The current and possible future role of robotics is addressed with a discussion of the principal advances achieved by robotic technology in the reconstructive context, namely:
- Transoral robotic reconstructive surgery for complex head and neck reconstruction without dividing the lip or mandible
- Robotic microvascular, microneural, and microlymphatic anastomoses, with “supra-human” levels of precision and
- Minimal access harvest of both the latissimus dorsi and rectus abdominis muscles, minimizing donor-site morbidity, and enhancing cosmetic outcomes.
Hugely important issues of morbidities and complications following radiation and chemotherapy are systematically presented. An approach to prevention as well as treatment of these everyday issues and pain is discussed at length.
These issues are an immutable part of the current treatment efforts and must be understood by all in the head and neck team to minimize suffering and provide quality of life, which remains our most important goal.
A special section captures the essence of prosthetic rehabilitation.
All important considerations for the maxillary obturator prosthesis are covered at length, giving the reader a number of technical guidelines to achieve excellent results.
The basics of soft palatal obturators and comparison with surgical reconstruction are addressed.
Trismus, a very common condition in the Indian population, is a very significant problem that needs effective solutions, which are presented in an easily implementable form.

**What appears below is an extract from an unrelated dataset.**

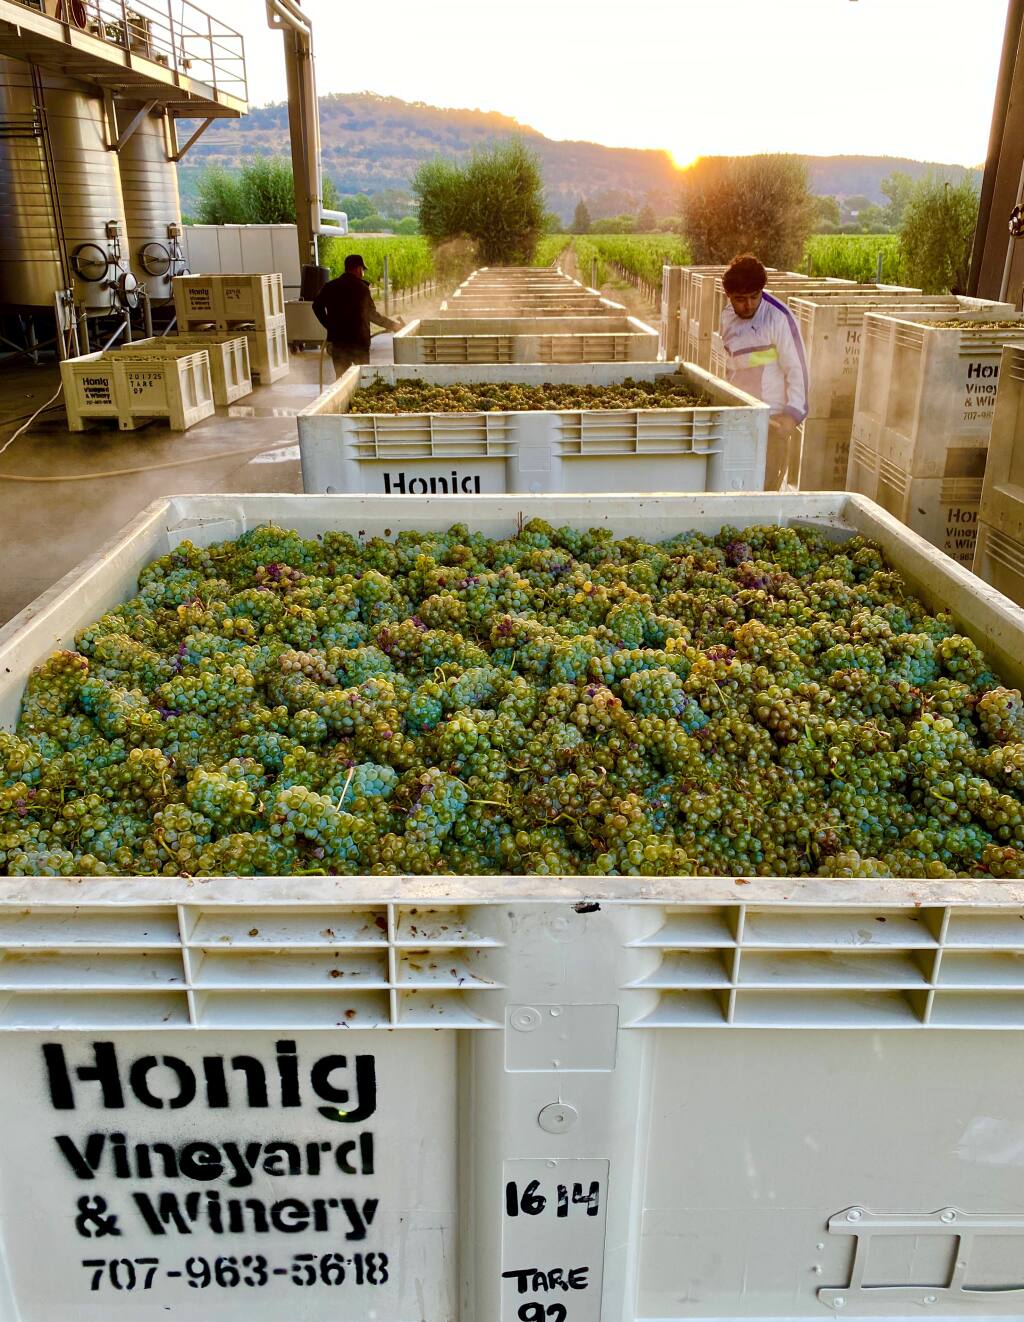 Honig Vineyard & Winery in Rutherford received Napa Valley’s first wine grapes of the 2022 season, with 25 tons of sauvignon blanc picked from Gordon Family Ranch in southeast Napa Valley the night of Aug. 1-2. (Regina Weinstein photo)

For all patients undergoing radiotherapy, the basics of oncologic dentistry and dental prophylaxis are clearly outlined.
Finally, anaplastology and the creation of external facial, ocular, and auricular prosthesis is touched upon.
In conclusion, the importance of cooperation between the surgical and prosthetic teams is stressed.
In conclusion, quality of life, which is clearly the essential goal for the entire head and neck team, is addressed. It focuses on patient-reported outcomes, which are most crucial and relevant, and provides a context for measuring outcomes realistically.
It is hoped that this book becomes a friend to go to, for every aspiring and practicing member of the head and neck team.
This material has never been published and is not currently under evaluation in any other peer reviewed publication.
The permission was taken from Institutional Ethics Committee prior to starting the project. All procedures performed in studies involving human participants were in accordance with the ethical standards of the institutional and/or national research committee and with the 1964 Helsinki declaration and its later amendments or comparable ethical standards.
Informed consent was obtained from all individual participants included in the study.